Happy birthday, Greg!

And you can't be _that_ old.


----------



## Piratecat (Feb 4, 2003)

Happy birthday!


----------



## Airwolf (Feb 4, 2003)




----------



## Wulf Ratbane (Feb 4, 2003)

And let me tell you folks, the dinkeldog is ooooolllllddd!

But young at heart, eh?

Happy b-day Greg and all the rest!


Wulf


----------



## randomling (Feb 4, 2003)

Hope you have/had a great birthday Dinkeldog!

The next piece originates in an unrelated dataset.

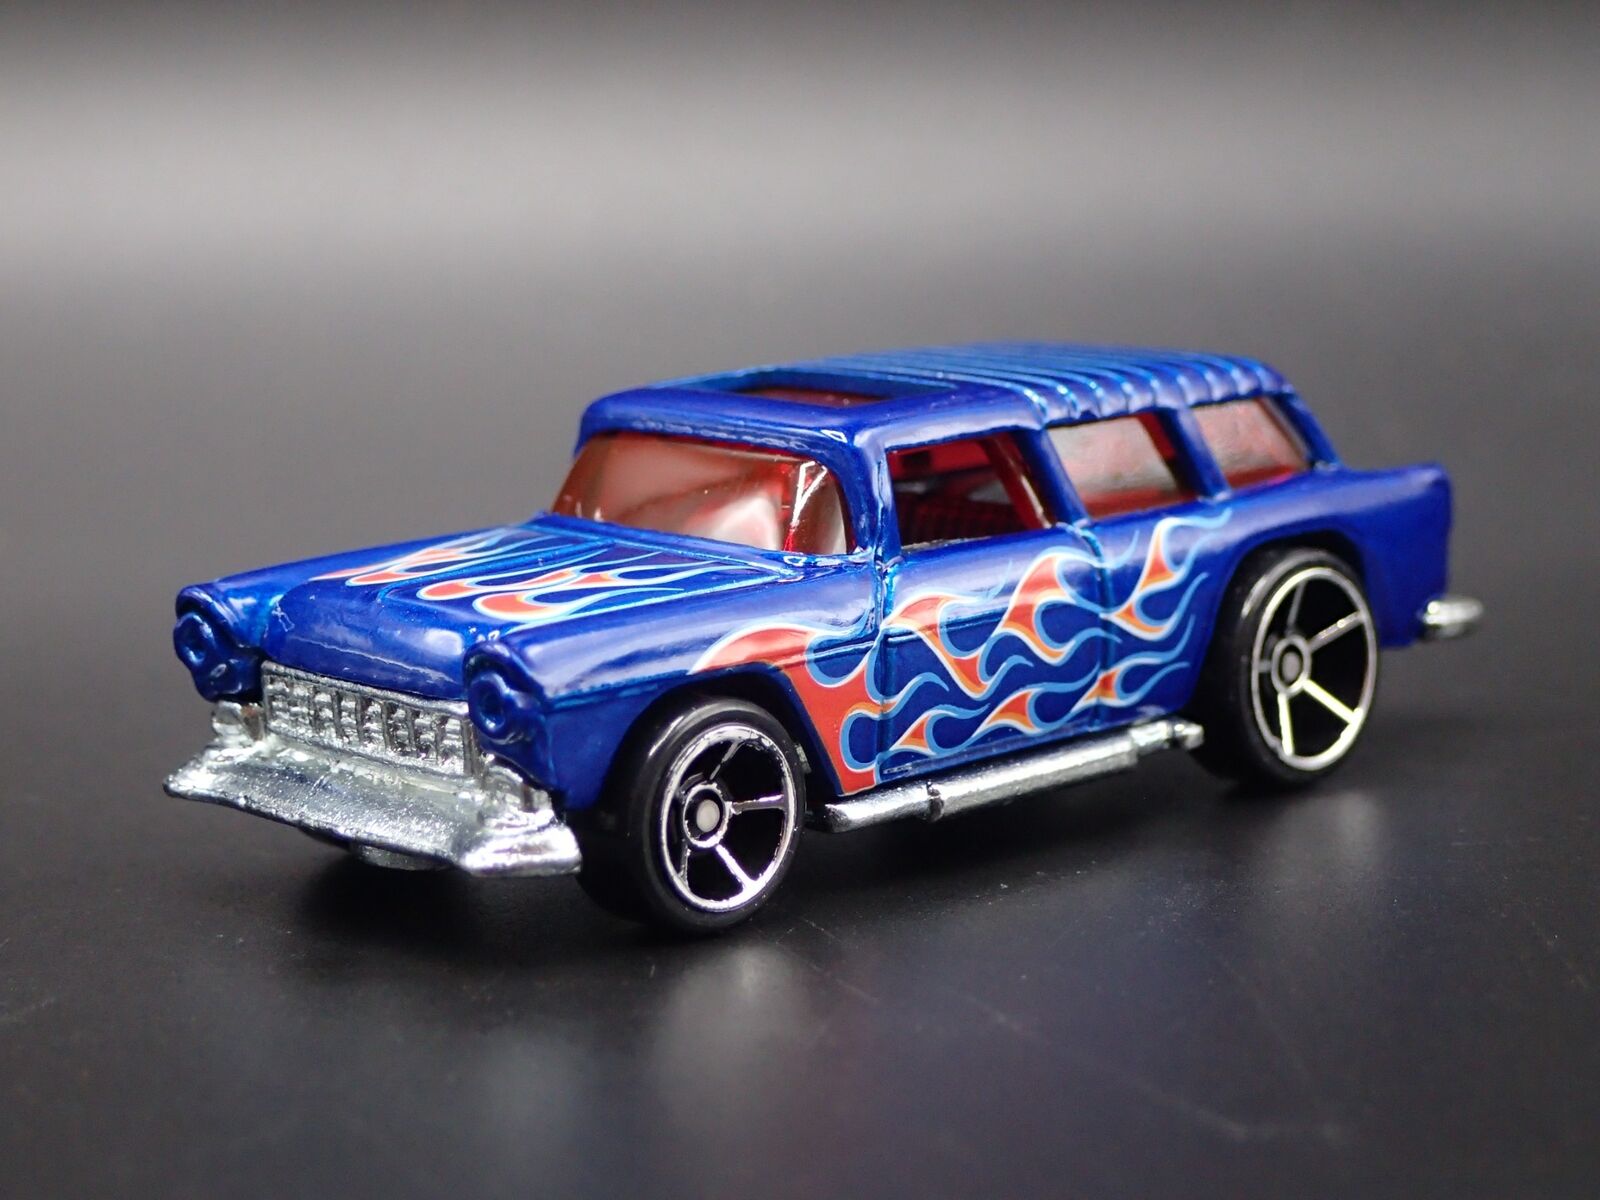 1955 55 CHEVY CHEVROLET NOMAD STATION WAGON RARE 1:64 SCALE DIECAST MODEL CAR

I'm 22, going on 23, by the way.


----------



## Crothian (Feb 4, 2003)

Happy Birthday and yes, there are people around here that are too young.  It's funny to have people around who you have gamed longer then they have, well been around


----------



## Sir Osis of Liver (Feb 4, 2003)

Happy birthday!  Remeber age brings wisdom...and other, stuff.


----------



## Crothian (Feb 4, 2003)

Sir Osis of Liver said:
			
		

> *Happy birthday!  Remember age brings wisdom...and other, stuff. *




Ya, but you have to be 35 to get that +1 to wisdom, Intelligence, and Charisma.


----------



## Darkness (Feb 4, 2003)

randomling said:
			
		

> *I'm 22, going on 23, by the way.  *



Same here, except that I'm two years older.


----------



## Dragongirl (Feb 5, 2003)

randomling said:
			
		

> *I'm 22, going on 23, by the way.  *



I am 22 also, but yet to decide if I will be getting 23 or moving to a different age.


----------



## KitanaVorr (Feb 5, 2003)

Geez...young'uns


----------